**** DATA LISTING

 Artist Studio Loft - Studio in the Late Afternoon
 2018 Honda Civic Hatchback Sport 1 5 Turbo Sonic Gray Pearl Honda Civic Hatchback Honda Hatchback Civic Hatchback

********
**** DATA LISTING

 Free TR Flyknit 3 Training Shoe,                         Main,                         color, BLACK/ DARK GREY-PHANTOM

********
**** DATA LISTING

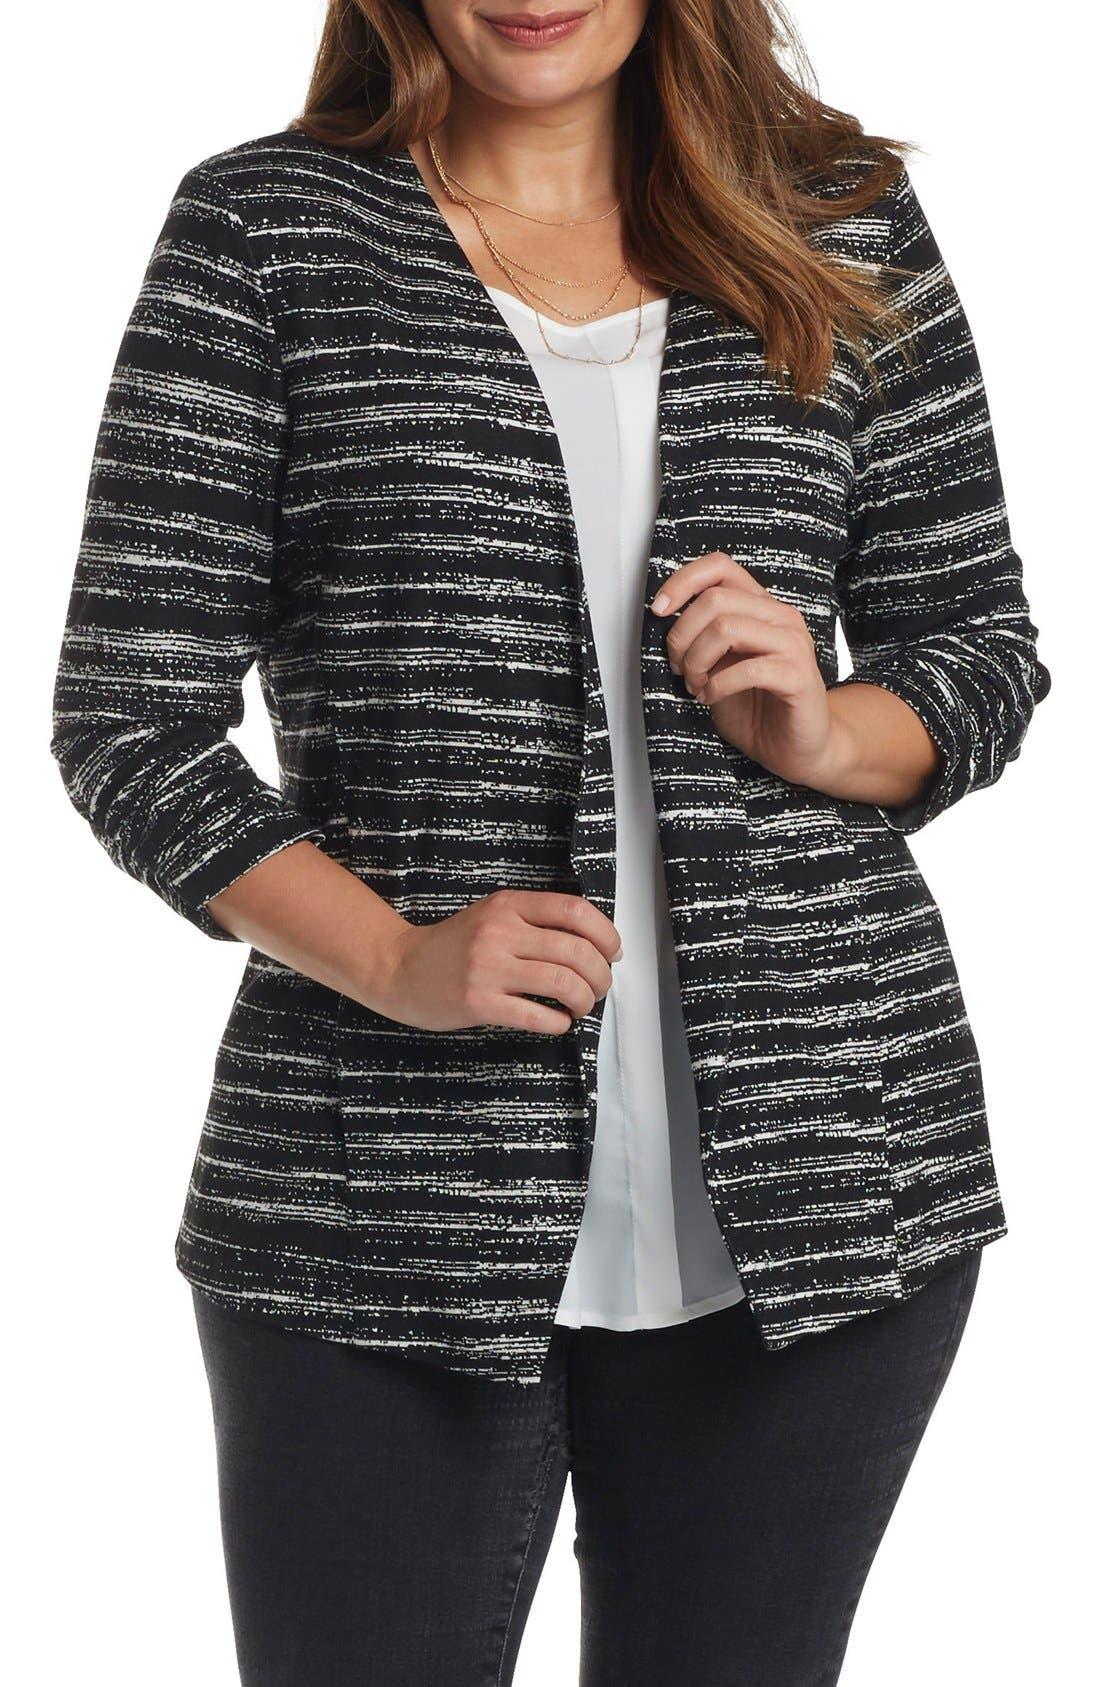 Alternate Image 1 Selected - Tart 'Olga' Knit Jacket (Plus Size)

********

* WORK TO BE COMPLETED
Set down, unchanged, only those lines above that fall between the line with "Artist Studio Loft" and the line with "2018 Honda Civic", the two end lines included.

* EXERCISE ANSWER
 Artist Studio Loft - Studio in the Late Afternoon
 2018 Honda Civic Hatchback Sport 1 5 Turbo Sonic Gray Pearl Honda Civic Hatchback Honda Hatchback Civic Hatchback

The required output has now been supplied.